Hazards of modern life

Wednesday, July 2, 2008

Having eye problems is nothing new, and in some ways we’re much better off than our parents and grandparents were. But there are some aspects of today’s technology and 21st century living that require a new approach.


Everyone knows that long periods of computer work increase your risk of muscle and joint pain, but the effects on eye health from time spent peering at your computer are not so obvious. As well as using computers at work, 73 per cent of Australians have a home computer. Eyestrain from using your computer can be uncomfortable enough to decrease the amount of time you are able to work in front of a monitor. Fortunately, computer use probably won’t cause any long-term eye problems.

Correct distance
Focusing your eyes at the same distance puts a strain on your eye muscles and causes fatigue. Computers are here to stay, so until future technological advances with eye-friendly monitors and laptops, you should take steps to minimise the risks to your eyes with good work habits.

Adjust your monitor: it should be 60cm directly in front of you, so that the screen is about arm's length from your eyes (increase the font size if necessary).

Lighting and glare
Bright lighting, illuminated computer screens and glare make it difficult to see your screen and cause eyestrain, blurred vision, difficulty focusing on objects in the distance, and headaches. Adjust the contrast and brightness to suit you and keep dust off your screen as it cuts down on contrast and can cause glare and reflection problems.

Take eye breaks
Give your eyes a rest by forcing them to focus on something other than your screen. The University of Canberra Health and Safety site has simple eye exercises to relieve eyestrain from computer use.
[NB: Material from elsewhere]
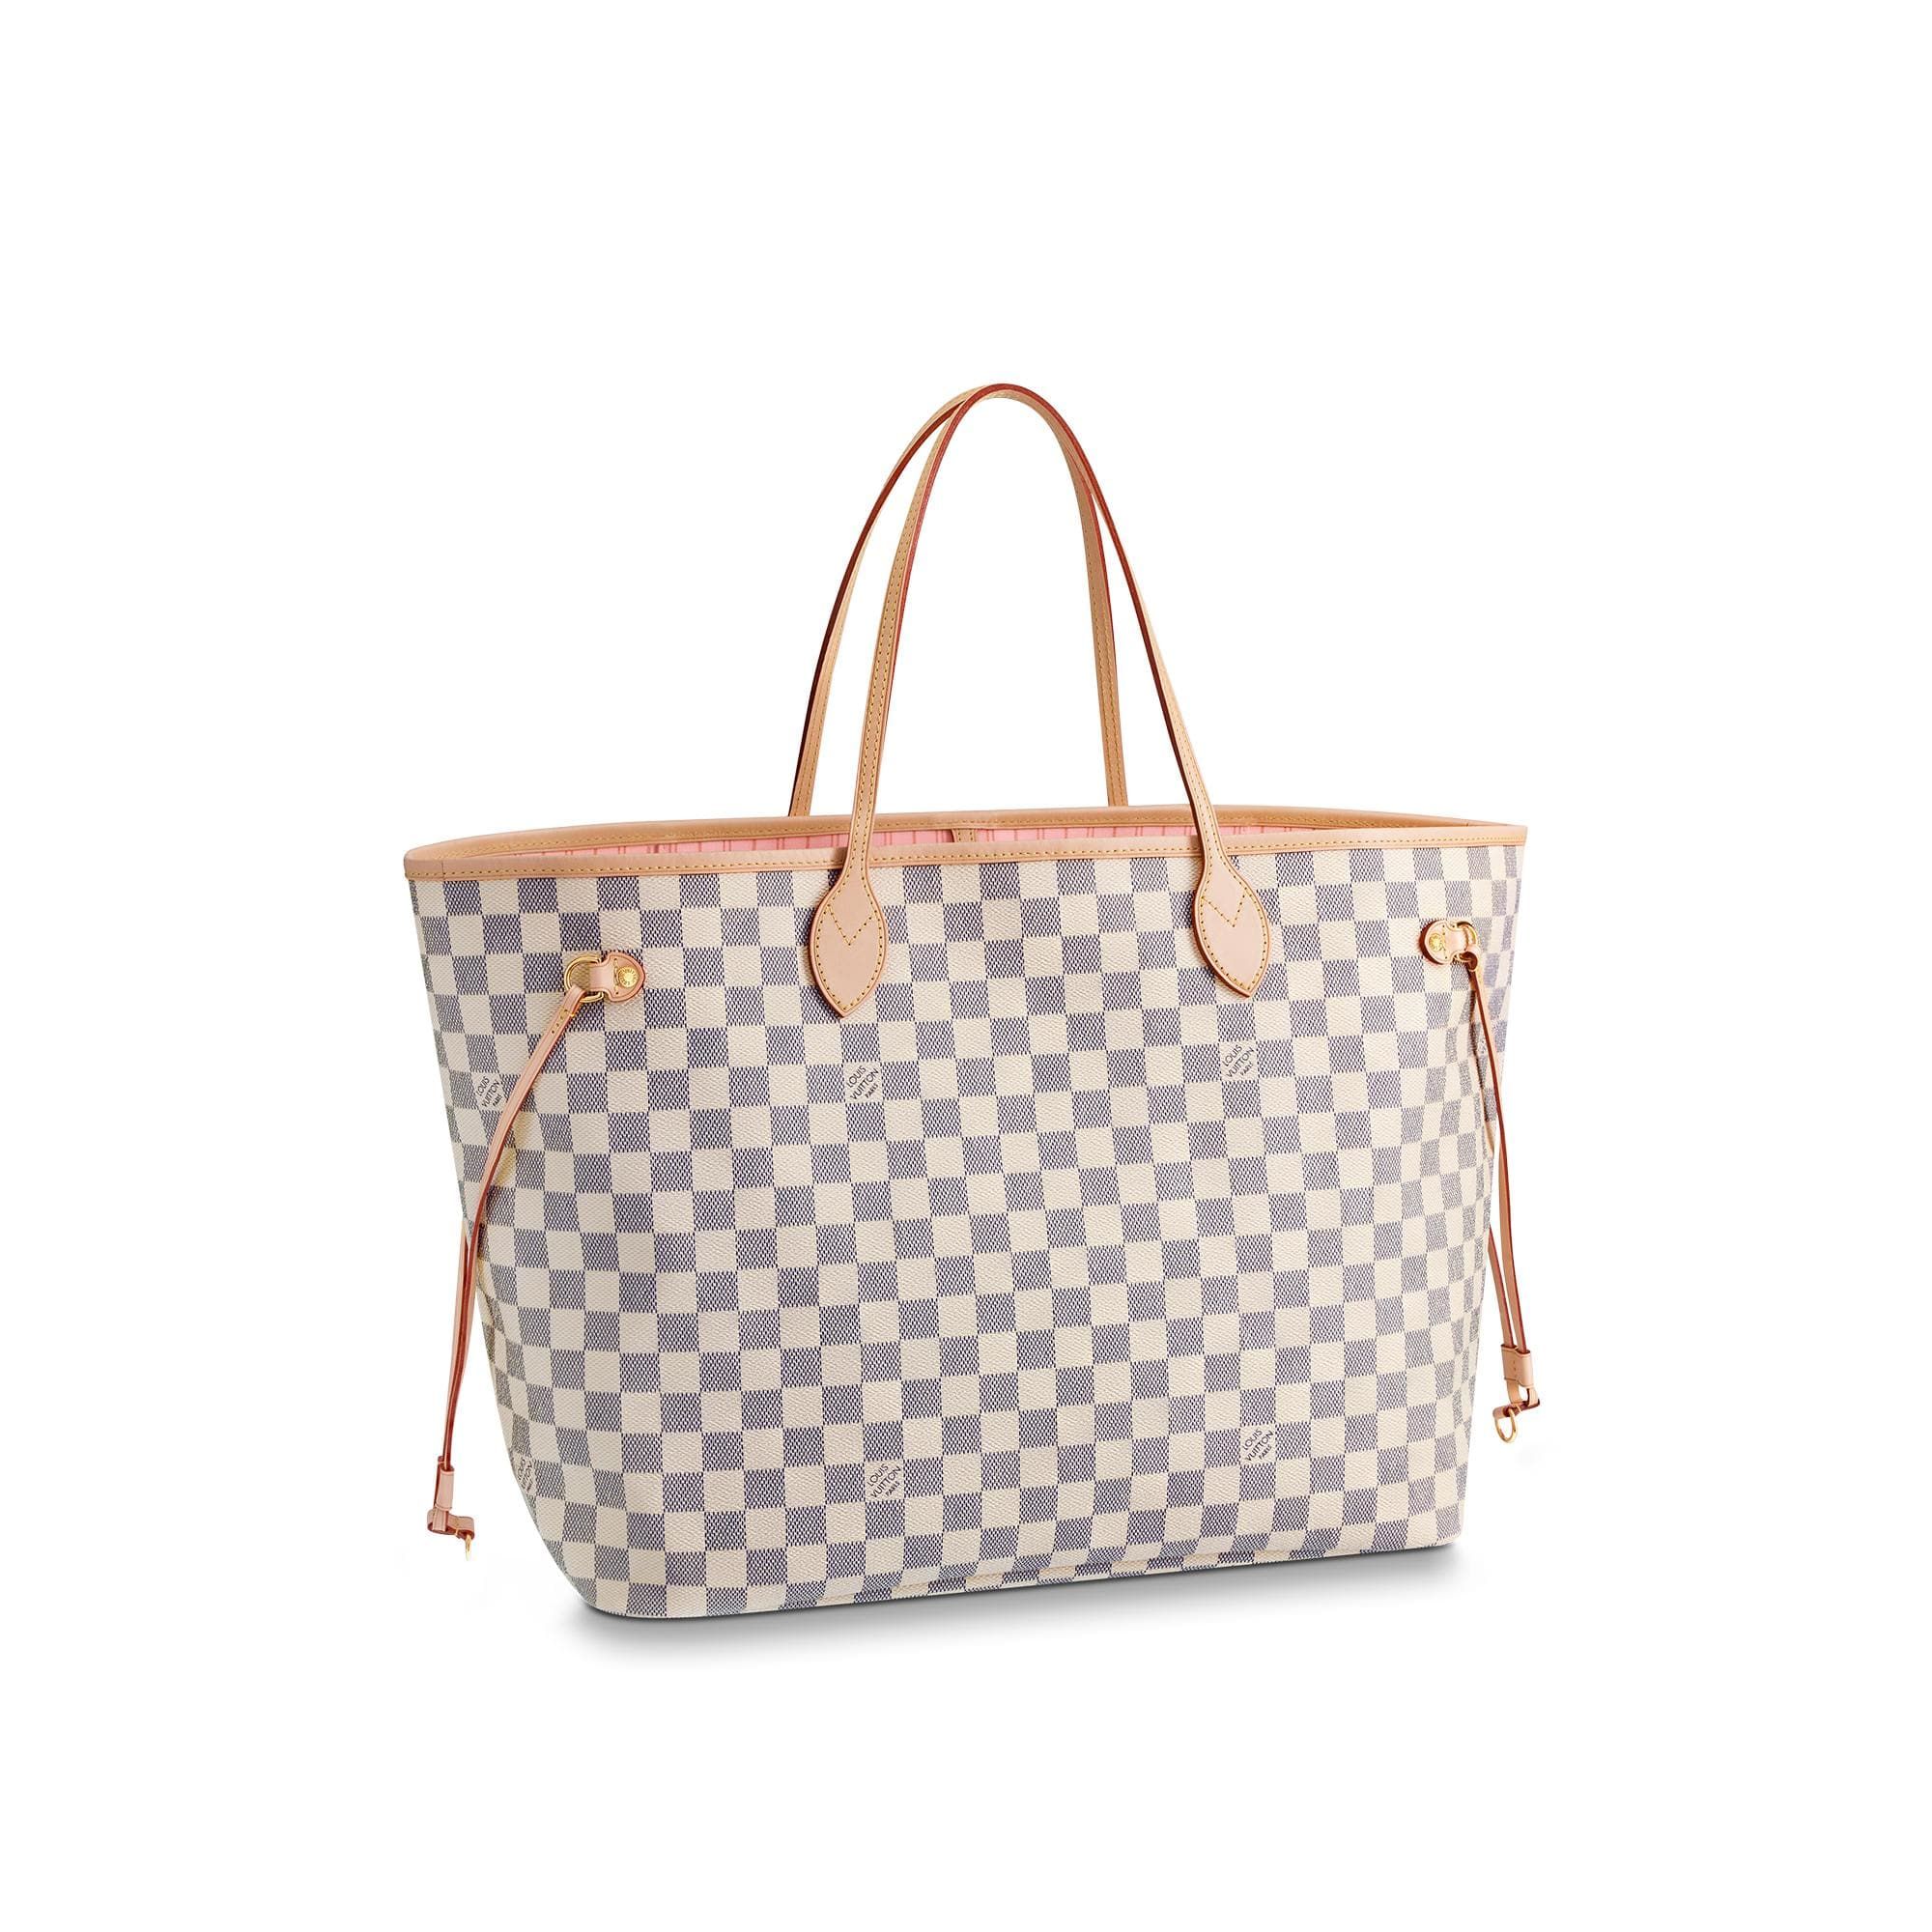 高仿LV购物袋 LV NEVERFULL 棋盘白格大号手袋购物袋 N41604 粉色内里 高仿LV购物袋 N41604

Website: www.canberra.edu.au/hr/health-safety/ergonomics/eye-exercises

Blinking produces tears that moisten and lubricate your eyes. You blink less often when working at a computer, with the result that long computer use causes dry eyes. Blink often to refresh the moisture in your eyes. You can use over-the-counter eye drops on the advice of your pharmacist or optometrist.

Check your glasses and contact lenses
They may need to be adjusted for computer work or you might want to buy glasses specifically for use with your computer.
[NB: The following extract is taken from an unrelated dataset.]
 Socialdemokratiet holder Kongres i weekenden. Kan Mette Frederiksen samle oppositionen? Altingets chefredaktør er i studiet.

If you do spend a lot of time each day at your computer, have regular eye exams to check that blurring, headaches and any other eye problems aren’t caused by a more serious condition.

Common signs of eyestrain from computer use

  • Sore, tired, burning or itching eyes
  • Watery eyes
  • Dry eyes
  • Blurred or double vision
  • Headache
  • Difficulty shifting focus between monitor and paper documents on your desk
  • Afterimages when you look away from the monitor
  • Increased sensitivity to light.

The sun

Australia has some of the highest skin cancer rates in the world: medical researchers are showing that ultraviolet (UV) light can also damage our eyes and that Australians, in particular, should protect their eyes from harm from both short-term and long-term exposure to UV.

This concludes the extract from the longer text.